「格物志玖」用动图理解CNN卷积神经网络的前向反向传播

上海交通大学机械工程硕士

Convolutional Neural Network

Image Classification & Feature Extraction

Principle

本库使用CIFAR10数据集，只实现了简单的CNN，其余高级variants详见

(包含VGG, Resnet, MobileNet, Googlenet, EfficientNet, Densenet, Shufflenet, Regnet, DPN)

因为 CNN 开始就不再是 sklearn 的范围了，我寻思着加一个tensorflow的原生版本吧。Guess what? 相比于keras和pytorch，这简直是地狱级难度！拥有keras和pytorch真是件幸运的事。我甚至觉得比我自己写的都麻烦，大家自己对比一下各个类的代码长度吧，都放在models.py里了。

Skylark_CNN
Keras_CNN
Torch_CNN
TF_CNN

Trust me! Do not use TF for the beginning!

CNN的主体就是卷积+池化+全连接三步，self-implement简单地构建了一层卷积池化全连接，如果需要更多可以像keras和pytorch一样加层。
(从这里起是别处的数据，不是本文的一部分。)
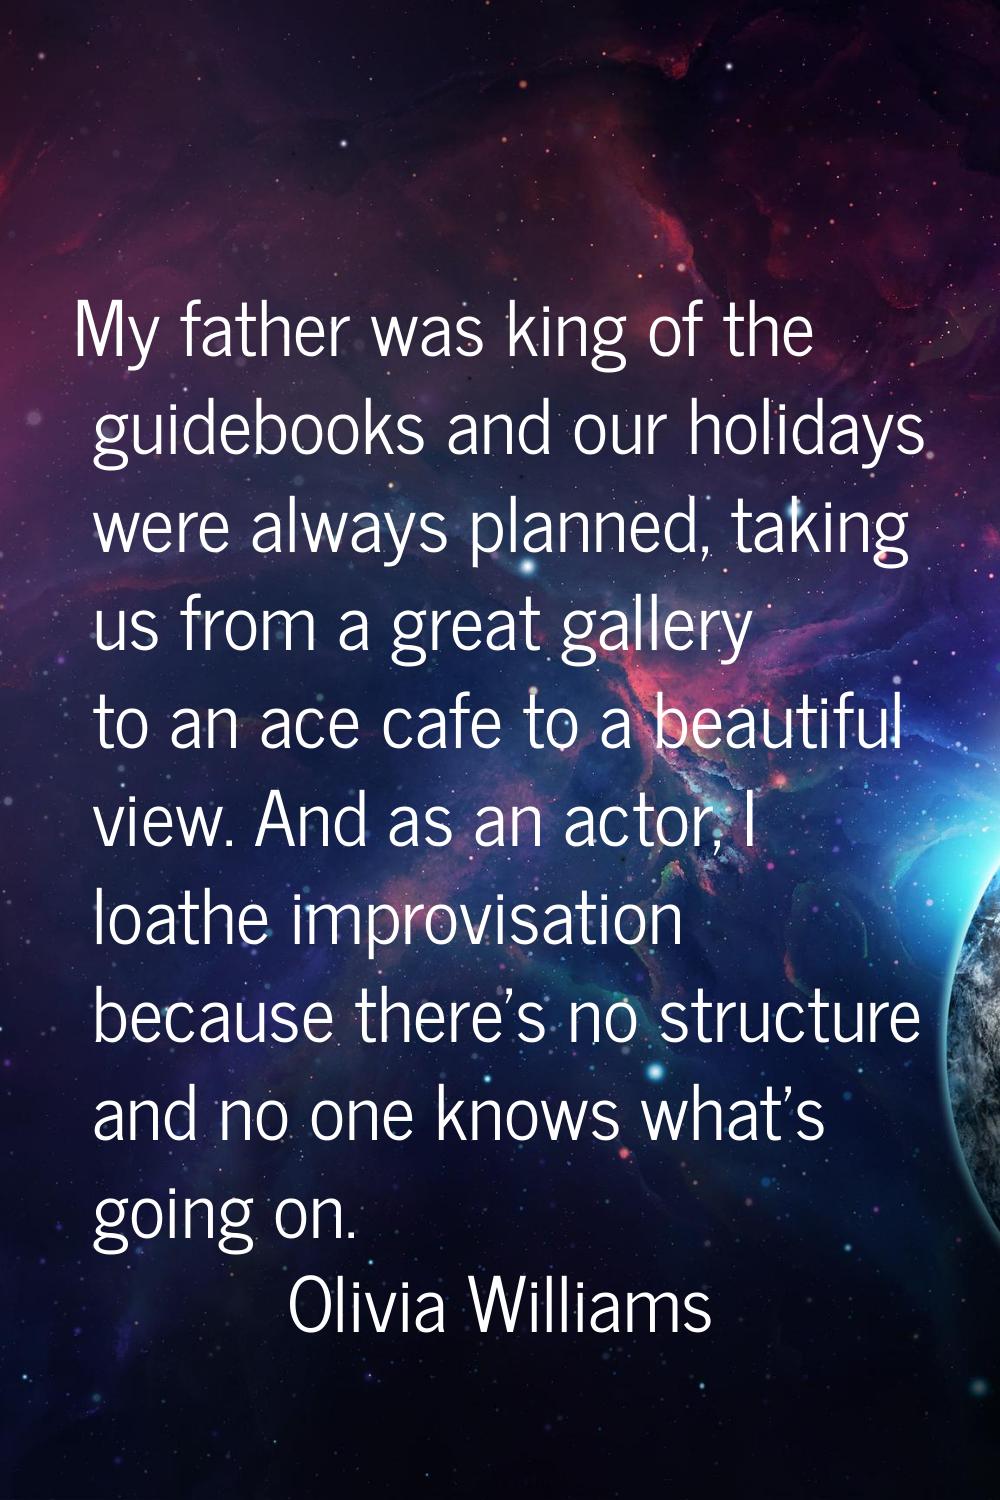 My father was king of the guidebooks and our holidays were always planned, taking us from a great g

实测mnist训练集可以达到100%，CIFAR10有些勉强emmm。

注：
- 全连接这里写的不是很好，需要改class，待修改，
- batch也没有加入，现在还是batch=1，TODO
- 欢迎contribute。

self.conv2d = Conv3x3(8)                # 32x32x1 -> 30x30x8
self.pool = MaxPool2()                  # 30x30x8 -> 15x15x8
self.softmax = Softmax(15 * 15 * 8, 10) # 15x15x8 -> 10

Convolution

def iterate_regions(self, image):
    '''
    Generates all possible 3x3 image regions using valid padding.
    - image is a 2d numpy array.
    '''
    h, w = image.shape

    for i in range(h - 2):
      for j in range(w - 2):
        im_region = image[i:(i + 3), j:(j + 3)]
        yield im_region, i, j

def forward(self, input):
    '''
    Performs a forward pass of the conv layer using the given input.
    Returns a 3d numpy array with dimensions (h, w, num_filters).
    - input is a 2d numpy array
    '''
    self.last_input = input

    h, w = input.shape
    output = np.zeros((h - 2, w - 2, self.num_filters))

    for im_region, i, j in self.iterate_regions(input):
      output[i, j] = np.sum(im_region * self.filters, axis=(1, 2))

    return output

设计一个生成器用于从图像上切割与卷积核相同大小的图像块；
卷积后的输出尺寸是(h - 2, w - 2, self.num_filters)，这里未考虑补零padding操作，所以会有边缘缺失；
对于output的每一个z轴，是一个长度为self.num_filters=8的数组，np.sum(im_region * self.filters, axis=(1, 2))将 3x3 矩阵与8个 3x3 的滤波器乘在一起得到一个8x3x3的矩阵，再对第二、三维求和，即得长度为8的数组。

Maxpool

def iterate_regions(self, image):
    '''
    Generates non-overlapping 2x2 image regions to pool over.
    - image is a 2d numpy array
    '''
    h, w, _ = image.shape
    new_h = h // 2
    new_w = w // 2

    for i in range(new_h):
      for j in range(new_w):
        im_region = image[(i * 2):(i * 2 + 2), (j * 2):(j * 2 + 2)]
        yield im_region, i, j

def forward(self, input):
    '''
    Performs a forward pass of the maxpool layer using the given input.
    Returns a 3d numpy array with dimensions (h / 2, w / 2, num_filters).
    - input is a 3d numpy array with dimensions (h, w, num_filters)
    '''
    self.last_input = input

    h, w, num_filters = input.shape
    output = np.zeros((h // 2, w // 2, num_filters))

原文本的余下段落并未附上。